This paper presents a web-based decision support system (DSS) that enables schedulers to tackle reverse supply chain management problems interactively. The focus is on the efficient and effective management of waste lube oils collection and recycling operations. The emphasis is given on the systemic dimensions and modular architecture of the proposed DSS. The latter incorporates intra- and inter-city vehicle routing with real-life operational constraints using shortest path and sophisticated hybrid metaheuristic algorithms. It is also integrated with an Enterprise Resource Planning system allowing the utilization of particular functional modules and the combination with other peripheral planning tools. Furthermore, the proposed DSS provides a framework for on-line monitoring and reporting to all stages of the waste collection processes. The system is developed using a web architecture that enables sharing of information and algorithms among multiple sites, along with wireless telecommunication facilities. The application to an industrial environment showed improved productivity and competitiveness, indicating its applicability on realistic reverse logistical planning problems.

Introduction

This paper reports on a research project with a leading multi-national Greek company in lubricant production and sole in recycling in Greece. The motivation for this research stems from the interrelationship between environmental considerations and benefits of recycling products. We consider waste lube oils (WLO) collection and regeneration as the focal coupling process of environmental consciousness and profitable recycling operations, and propose the appropriate decision making methodologies, management tools and techniques to transform these processes into state-of-the-art seamlessly running systems. The main focus is on the development of a web-based decision support system (DSS) that enables schedulers and decision makers to address reverse logistical planning problems and monitor effectively operations using novel computational methods and Information and Communication Technology (ICT).

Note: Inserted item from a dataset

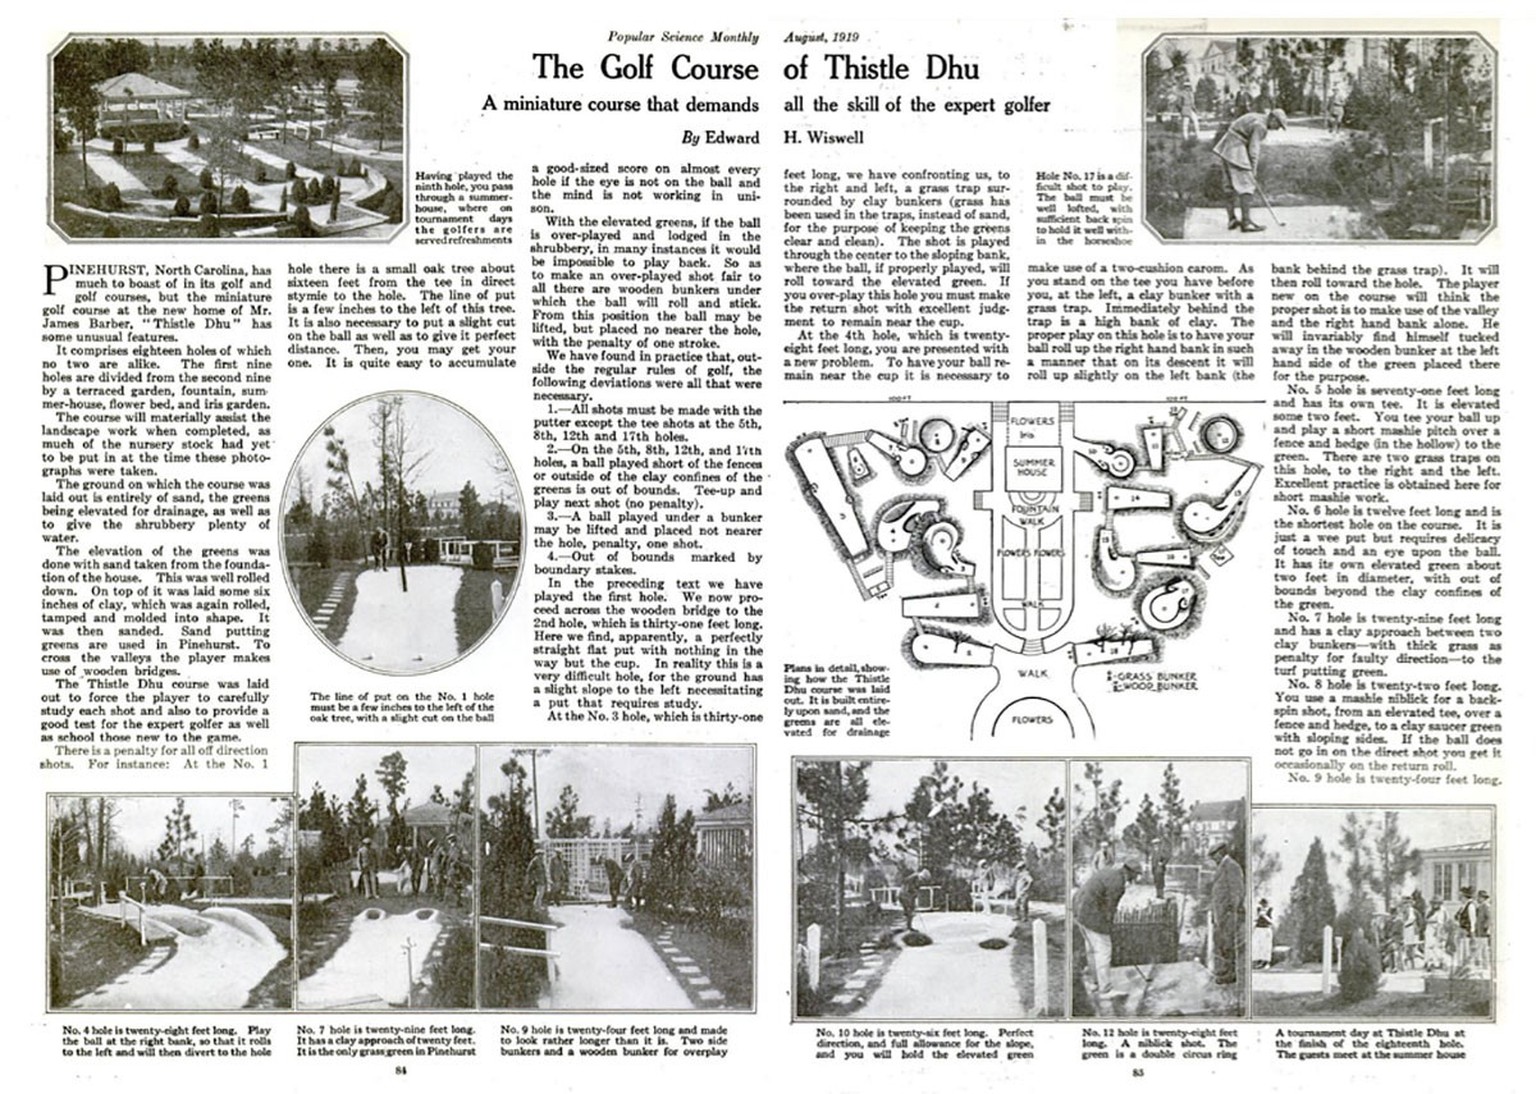 1919 widmete die Zeitschrift «Popular Science» der Mini-Golf-Anlage von James Wells Barbers eine Doppelseite. https://books.google.fm/books?id=FykDAAAAMBAJ&amp;printsec=frontcover#v=onepage&amp;q&amp; ...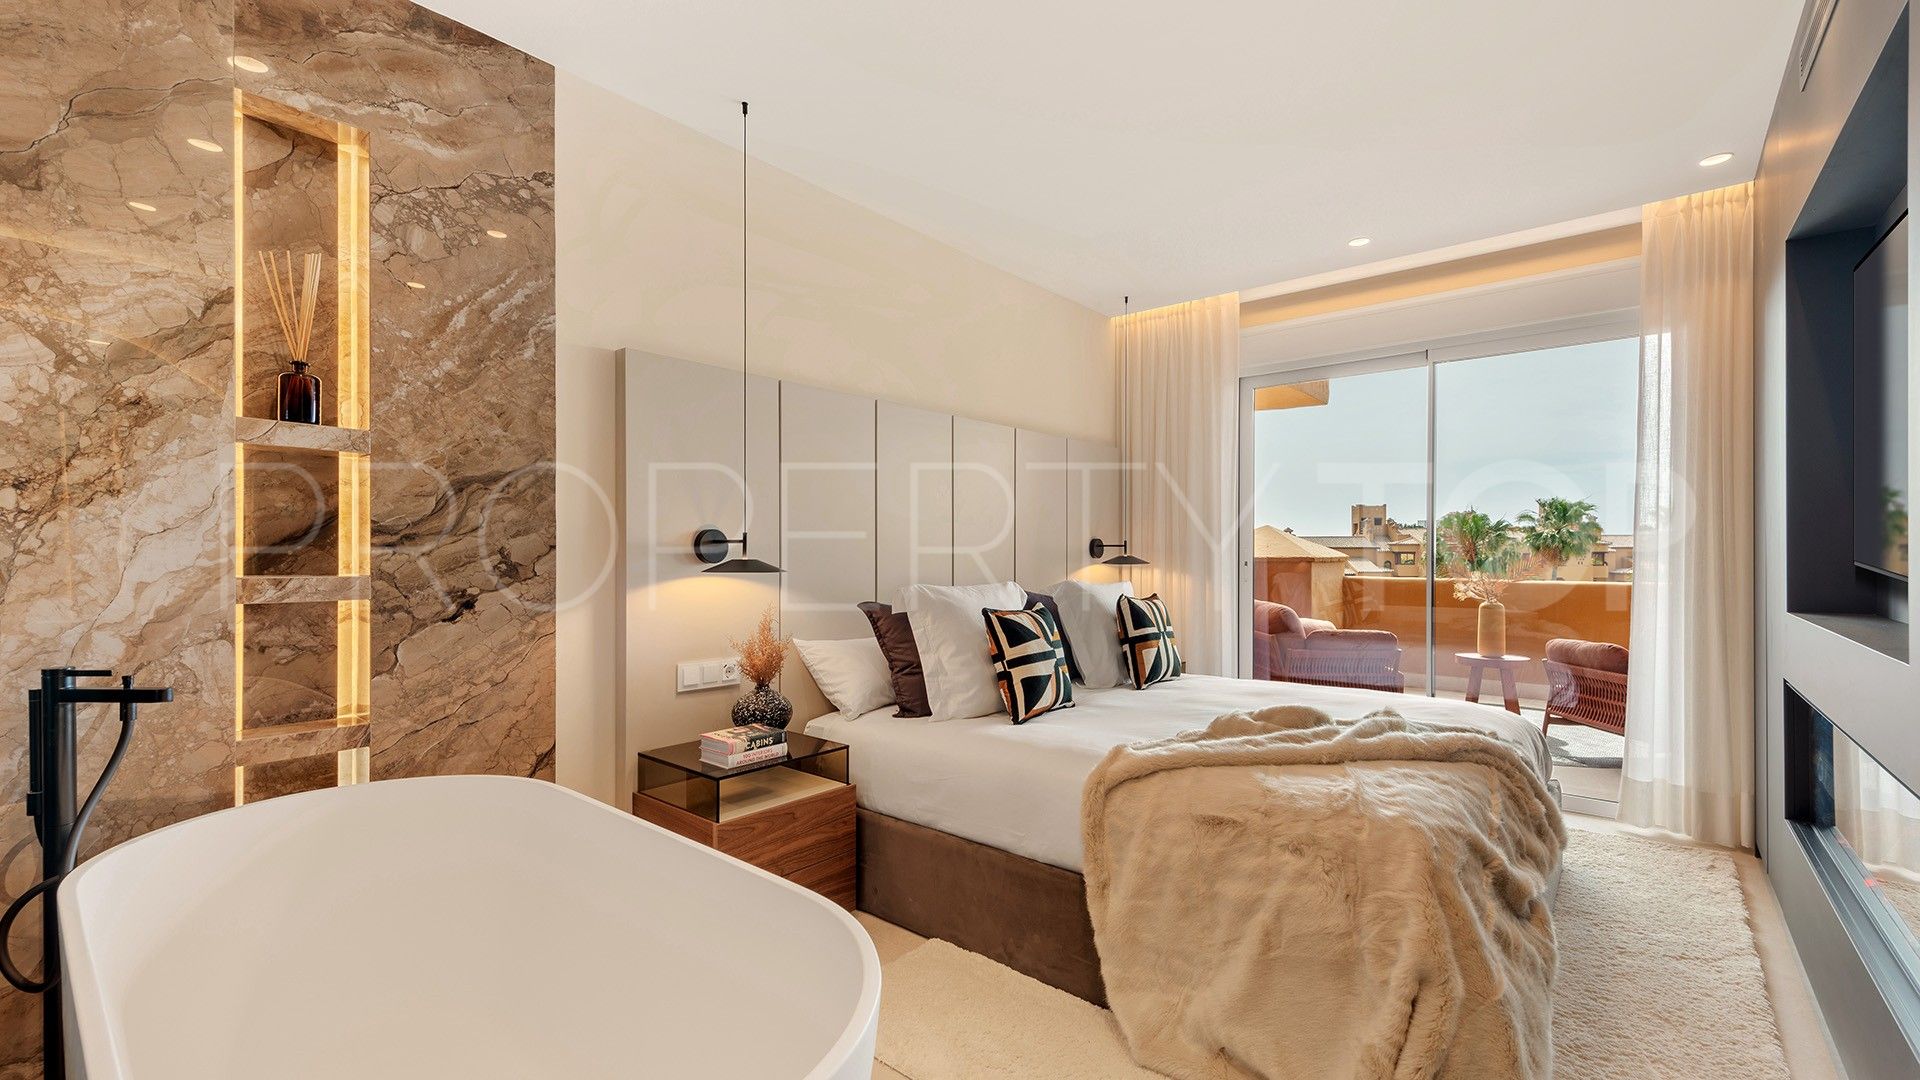 Apartment for sale in Los Granados del Mar with 3 bedrooms

The WLO collection and regeneration processes involve the upstream movement of WLO from several sets of collection points through a network of accumulation points to a central regeneration facility, where new lubricants are produced. Accumulation points refer to regionalized intermediate transfer facilities used to accumulate WLO locally. The latter is the major raw material for the production of basic lube oils and new lubricant products, via a continuous multi-stage regeneration. To the other end, the collection needs for WLO (actual production–regeneration requirements) is determined by customers’ demand for end-item lubricant products. Therefore, distribution of end-items, production scheduling, inventory and WLO collection are all linked in a reverse planning fashion constituting a closed-loop supply chain.

Reverse logistics encompass the activities all the way from used products no longer required by the user to products again usable in market (Fleischmann et al., 1997). Therefore, while logistic activities involve material flow forward through the supply chain, reverse logistics, or similarly closed-loop supply chains, address the return flows from the user and encompass the re-processing into a usable product. There are four basic characteristics, namely the return reasons and driving forces, the type of products, the recovery processes and the actors involved. All these characteristics are interrelated and their combination determines to a large extent, the type of issues arising from the resulting reverse logistics system.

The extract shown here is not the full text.